What Is Hybrid Working?

The term “hybrid work” is likely something you have heard a lot about in recent months.

Although the concept of “hybrid” or flexible work wasn’t something we saw much of a couple of years ago, the pandemic helped to pave a new future for tomorrow’s employees.

As problematic as things like social distancing were for businesses, they also demonstrated the ability of team members to work from a variety of different locations.

This new environment gave rise to a future of “hybrid work”. Here is what you need to know about the hybrid work model.

Is Hybrid Work the Same as Remote Work?

Right now, we have four different forms of “work”:

  • In-office: You work in a standard office or on-premises environment
  • Remote: You work outside of the office, either from home or a connected location.
  • Field: You work routinely in the field, such as traveling to client homes.
  • Hybrid: A mixed workplace that enables remote, field, and in-office employment.

Remote work was one of the first trends to emerge as a result of the pandemic. For a while, companies began to consider a future where “remote work” would be the dominant model.

Unfortunately, we quickly discovered situations in which people simply couldn’t work remotely.

You cannot check on the performance of a machine remotely without access to high-quality IoT-connected devices. Employees cannot serve customers in a store remotely either (at least not yet). Therefore, not everyone can simply relocate their jobs to a home office.

Similarly, even among office workers who could work from home, many found that they did not thrive without some interaction with their colleagues from time to time.

Overall, the workforce discovered that a “hybrid” work model—a blend of both remote and in-office working—may be the best for the workplace of the future.

Indeed, according to an Accenture study, around 83% of people say that hybrid work would be optimal for them going forward.

Defining Hybrid Working?

Hybrid working is a flexible working model that allows employees to work from various locations. This model comes from a combination of fully remote and flexible work, in-office employment, and field work.

The hybrid model enables employees to combine different types of work for more autonomy, flexibility, and efficiency in the workplace.

The business landscape has shifted to accommodate a hybrid workplace, ushering in an era where employees can realize their potential regardless of their location.

With multiple generations working across various environments, hybrid work is arguably the most effective way to support all employee personas.

In the past few years, this concept has gained increasing recognition as a result of the pandemic showing that people can work and collaborate in various settings without diminishing results.
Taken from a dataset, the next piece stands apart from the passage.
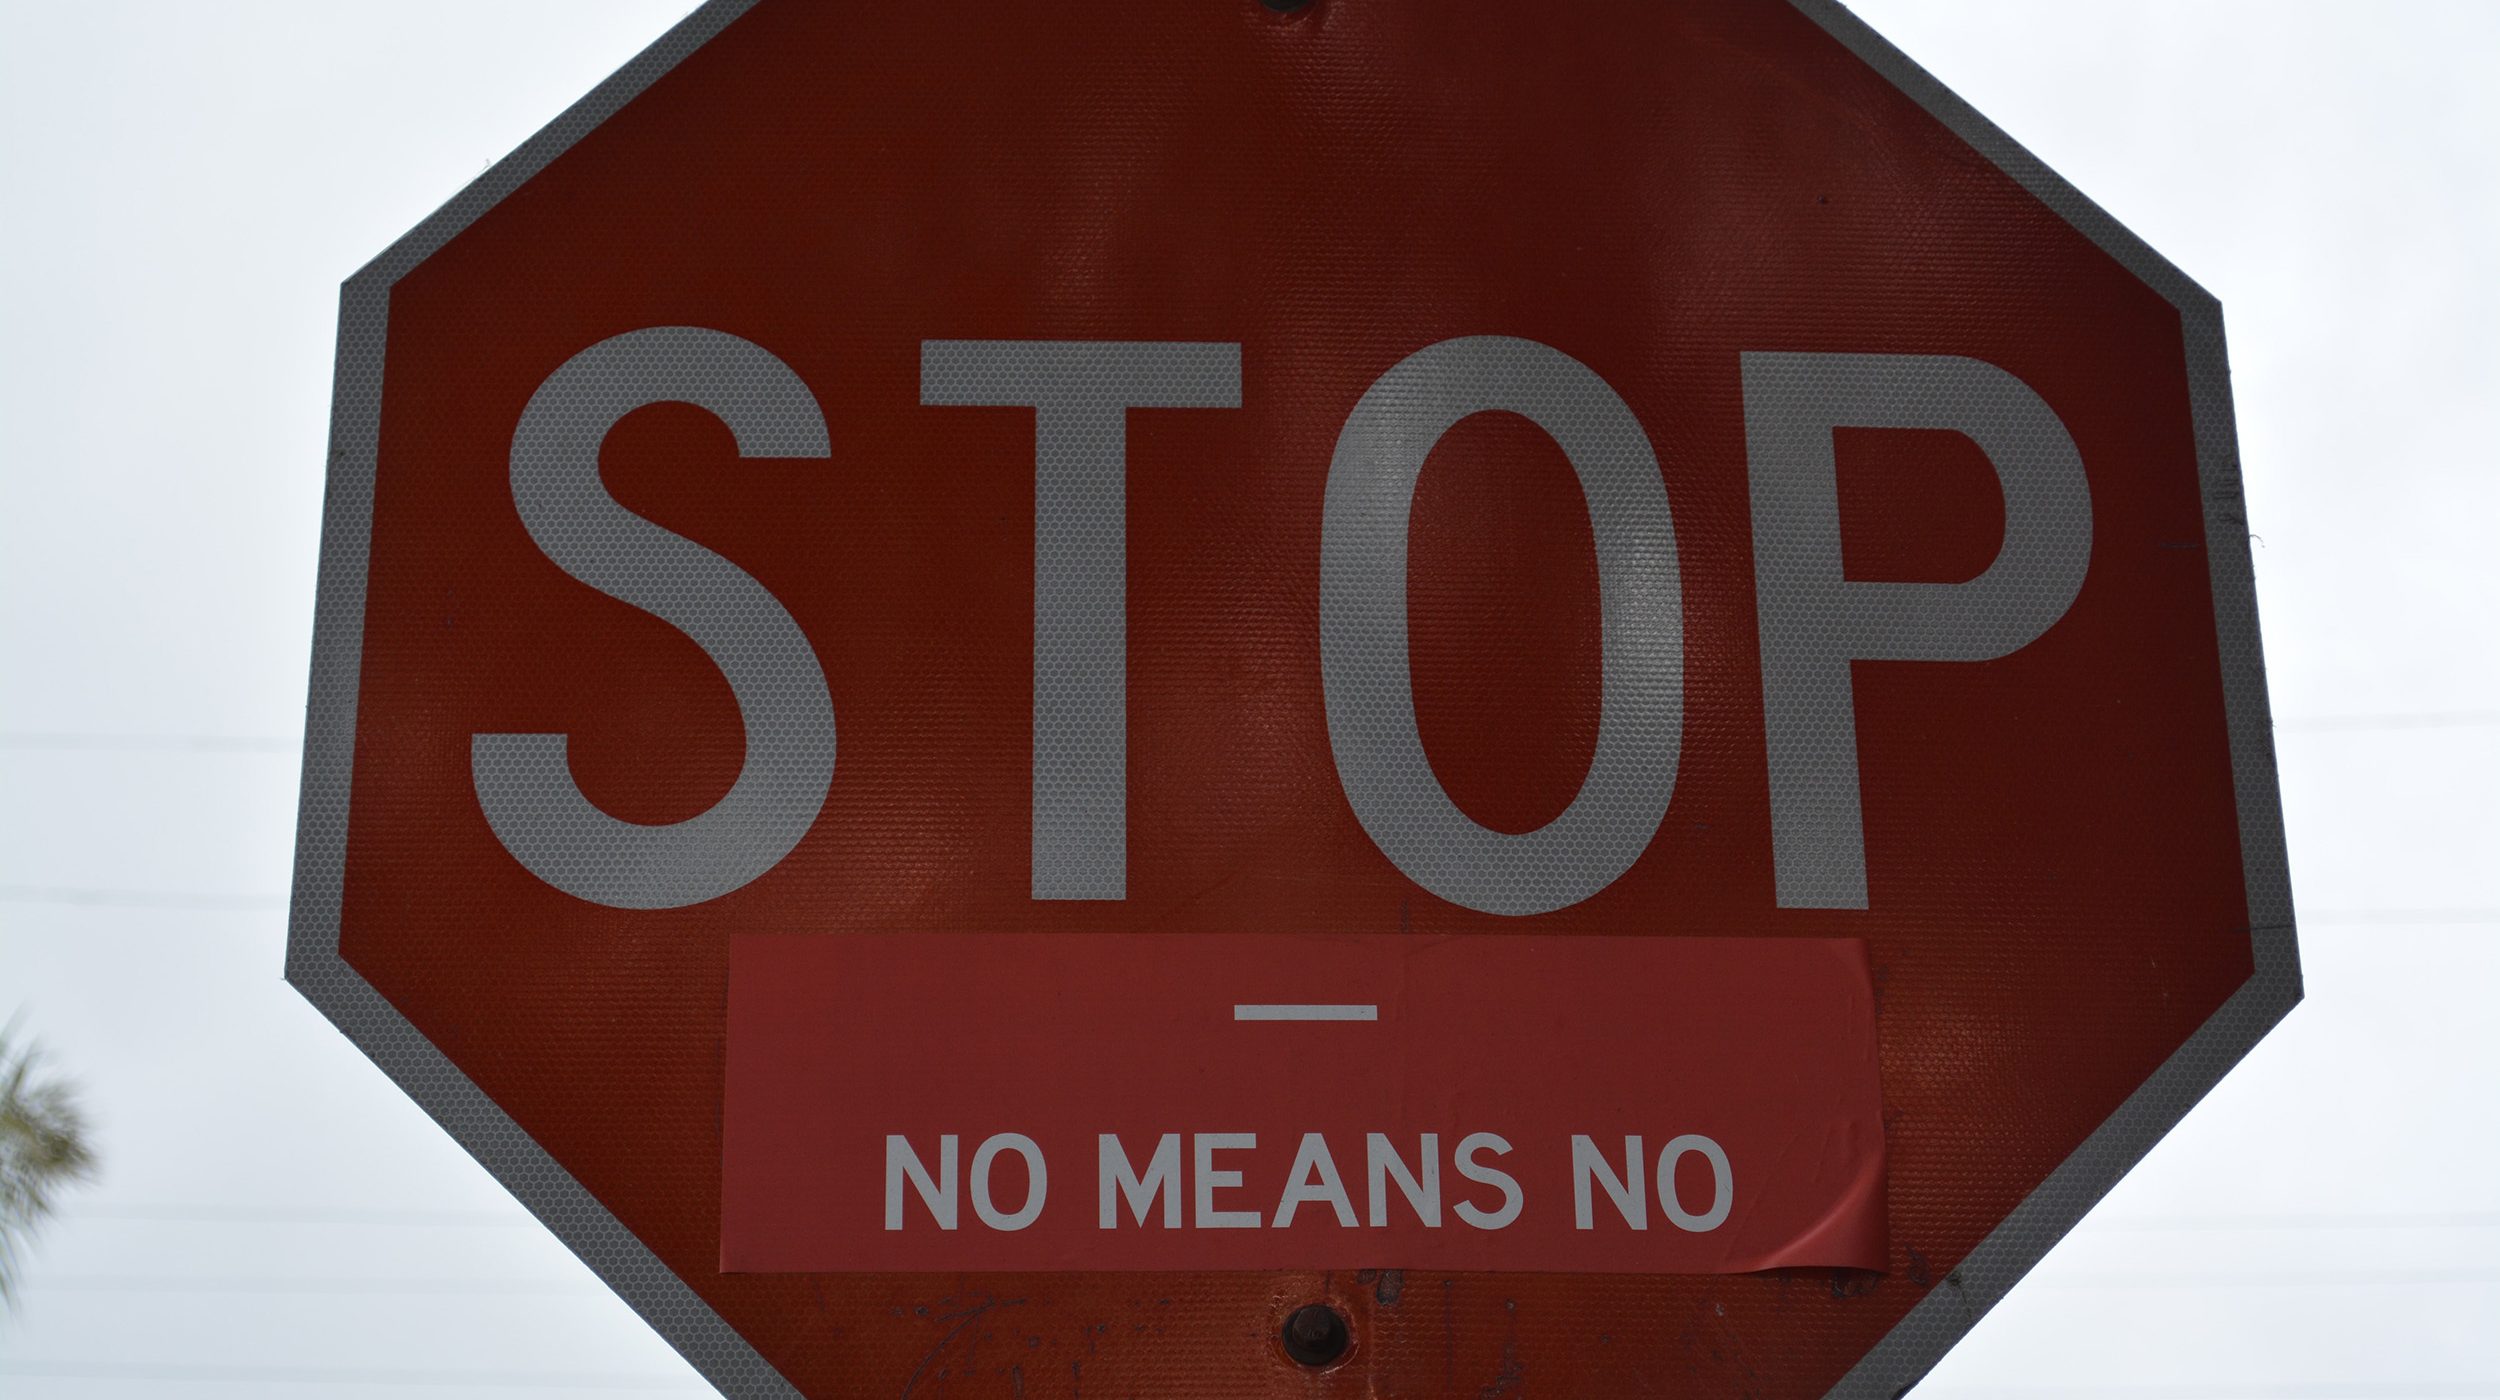 stop sign with additional label that reads 'No means no' (link to file)

According to the Xerox Future of Work Survey, around 82% of the workforce believes they will be back in their workplace soon enough, but many also do not want to return to a workplace where they have no flexibility.

Is Hybrid Working a Good Idea?

Whether you like the idea of hybrid work or not, chances are you will have to live with it at some point in the not-too-distant future. Hybrid working has taken the world by storm, especially during a time when it is not always possible for everyone to work in the same confined space.

With a hybrid working strategy, you can ensure not only a more flexible, engaged workforce but a more resilient one too.

Hybrid employees can continue to operate and deliver results for your company, even when your office might not be up and running. At the same time, hybrid working ensures you can access a wider range of professionals from all over the world.

You don’t necessarily need to hire someone close to home if you have a hybrid office environment where people can work remotely. In a time when skill shortages are everywhere, it helps to know you can tap into the abilities of people anywhere.

Hybrid work can also ensure businesses from all landscapes can continue to attract talent in the years ahead.

As current studies suggest, hybrid work is the go-to selection for most employees in search of new working methods. If you’re hoping to appeal to a younger generation of employees, you need to offer at least some flexibility – that’s where hybrid work comes in.

Preparing for Hybrid Work

The shift to a hybrid work future has already begun for most companies. If you’ve already started to communicate with staff through the cloud, or you have teams connected through a video conferencing tool, you’re on the right path.

The key is making sure everyone can have a “seat at the table”, even when there’s no physical table to sit at.